Protected Health Information Breaches: What They Are

Cyber

Protected Health Information Breaches: What They Are

Jeannine LeCompte, Compliance Research Specialist

The Oregon Department of Human Services disclosed in March 2019 that millions of agency emails had been breached in January, potentially exposing the medical information of at least 350,000 people.

A Massachusetts hospital recently alerted 6,300 patients that some of their Protected Health Information (PHI) was exposed due to a security breach at a third-party vendor.

According to a recent Bitglass report, healthcare organizations reported 290 breaches in 2018, with 11.5 million records compromised.

Protecting the information of patients and residents has become one of the biggest issues—and concerns—of healthcare facilities, and the failure to protect such data can lead to substantial financial penalties, civil suits, and sanction by the authorities.

It is an operational necessity that all healthcare facility staff members have a clear understanding of what constitutes a PHI breach, how to avoid one, and what to do should one occur.

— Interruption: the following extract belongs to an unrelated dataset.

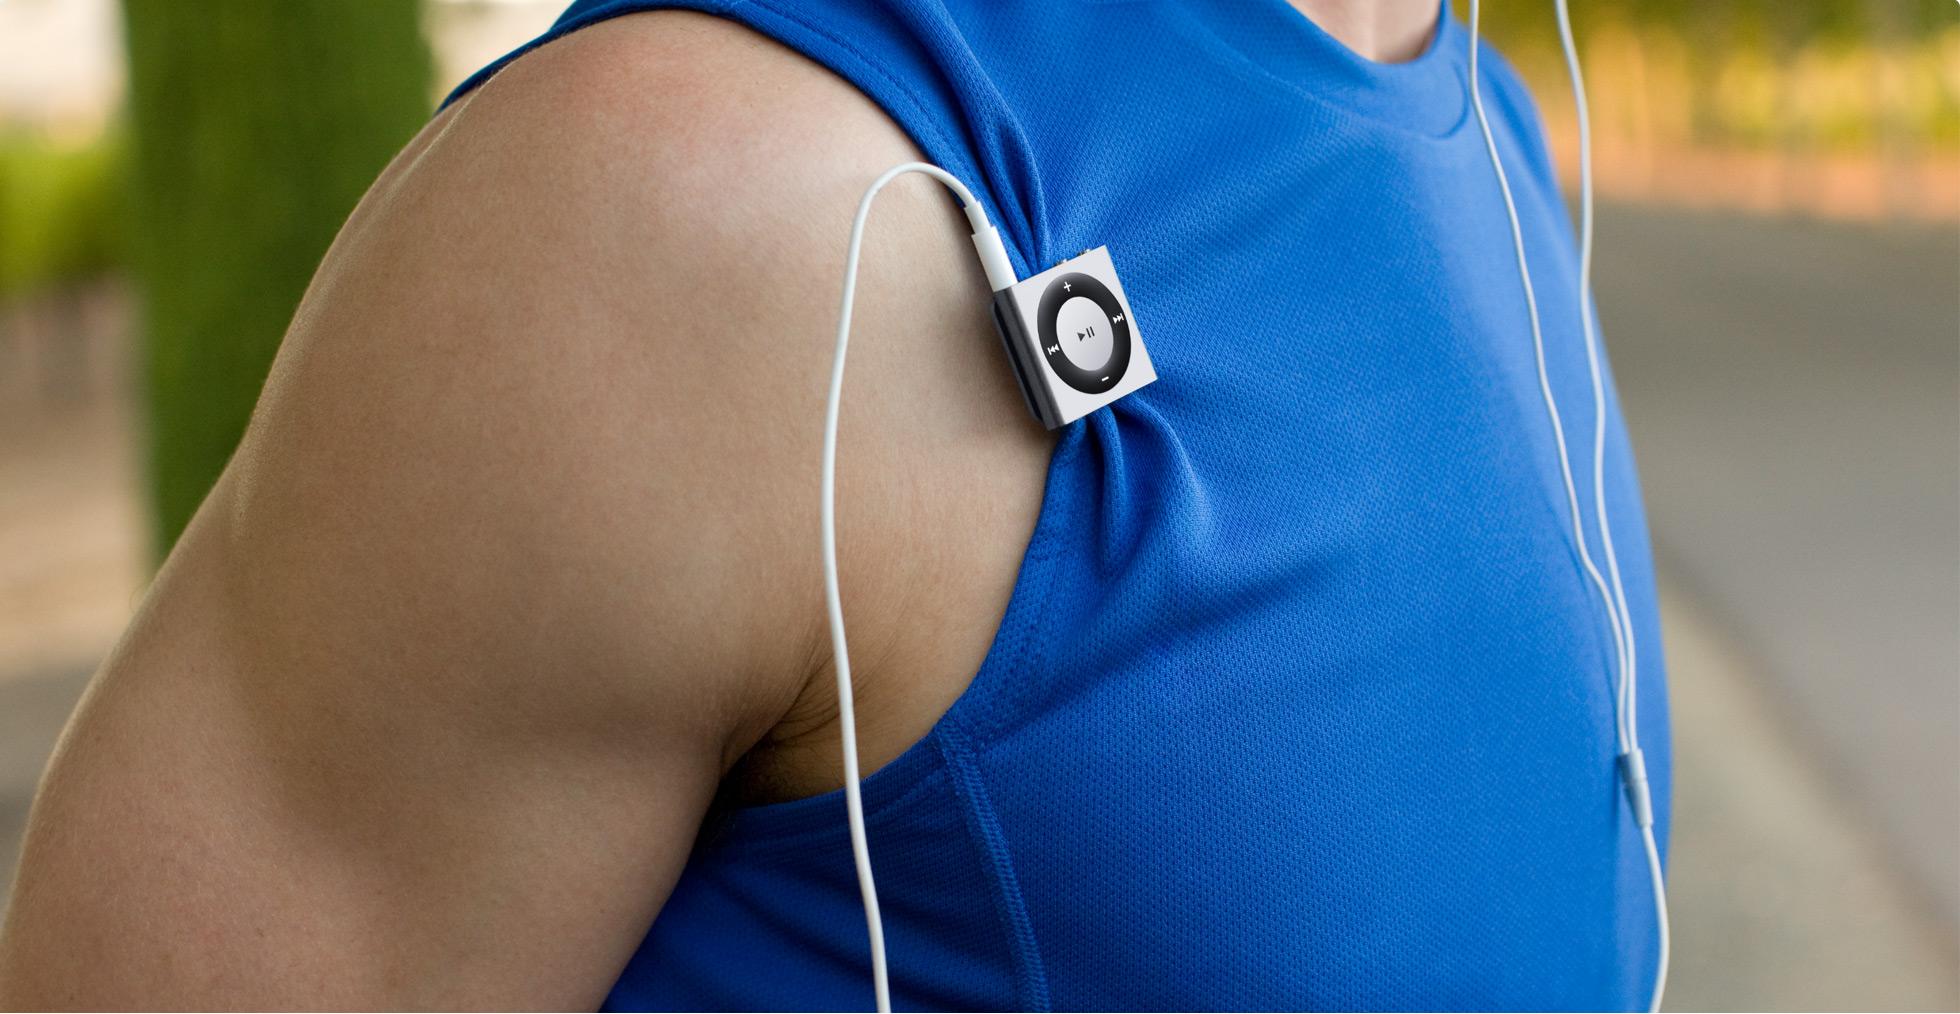 iPod shuffle lifestyle 001

According to the official guidelines provided by the Centers for Medicare and Medicaid Services (CMS), a breach is defined as “any impermissible use or disclosure under the Privacy Rule that compromises the security or privacy of the protected health information.”

The Privacy Rule is a legally established code which sets national standards to protect individuals’ medical records and other PHI. It applies to health plans, healthcare clearinghouses, and those healthcare providers that conduct certain healthcare transactions electronically.

According to the U.S. Department of Health & Human Services (HHS), this rule requires “appropriate safeguards” to protect the privacy of PHI, and sets limits and conditions on the uses and disclosures that may be made of such information without patient authorization.

An “impermissible use or disclosure” of PHI is always presumed to be a breach unless the covered entity or business associate, as applicable, demonstrates that there is a low probability that the PHI has been compromised based on a risk assessment of at least the following factors:

  • The nature and extent of the PHI involved, including the types of identifiers and the likelihood of re-identification;
  • The unauthorized person who used the PHI or to whom the disclosure was made;
  • Whether the PHI was actually acquired or viewed; and
  • The extent to which the risk to the PHI has been mitigated.

There are three exceptions to the definition of “breach.”

The first exception applies to the unintentional acquisition, access, or use of PHI by a workforce member or person acting under the authority of a covered entity or business associate, if such acquisition, access, or use was made in good faith and within the scope of authority.

The second exception applies to the inadvertent disclosure of PHI by a person authorized to access PHI to another authorized person within the same organization, as long as that information is not used or disclosed in a manner not permitted by the Privacy Rule.

The final exception applies if the covered entity or business associate has a good faith belief that the unauthorized person to whom the impermissible disclosure was made, would not have been able to retain the information.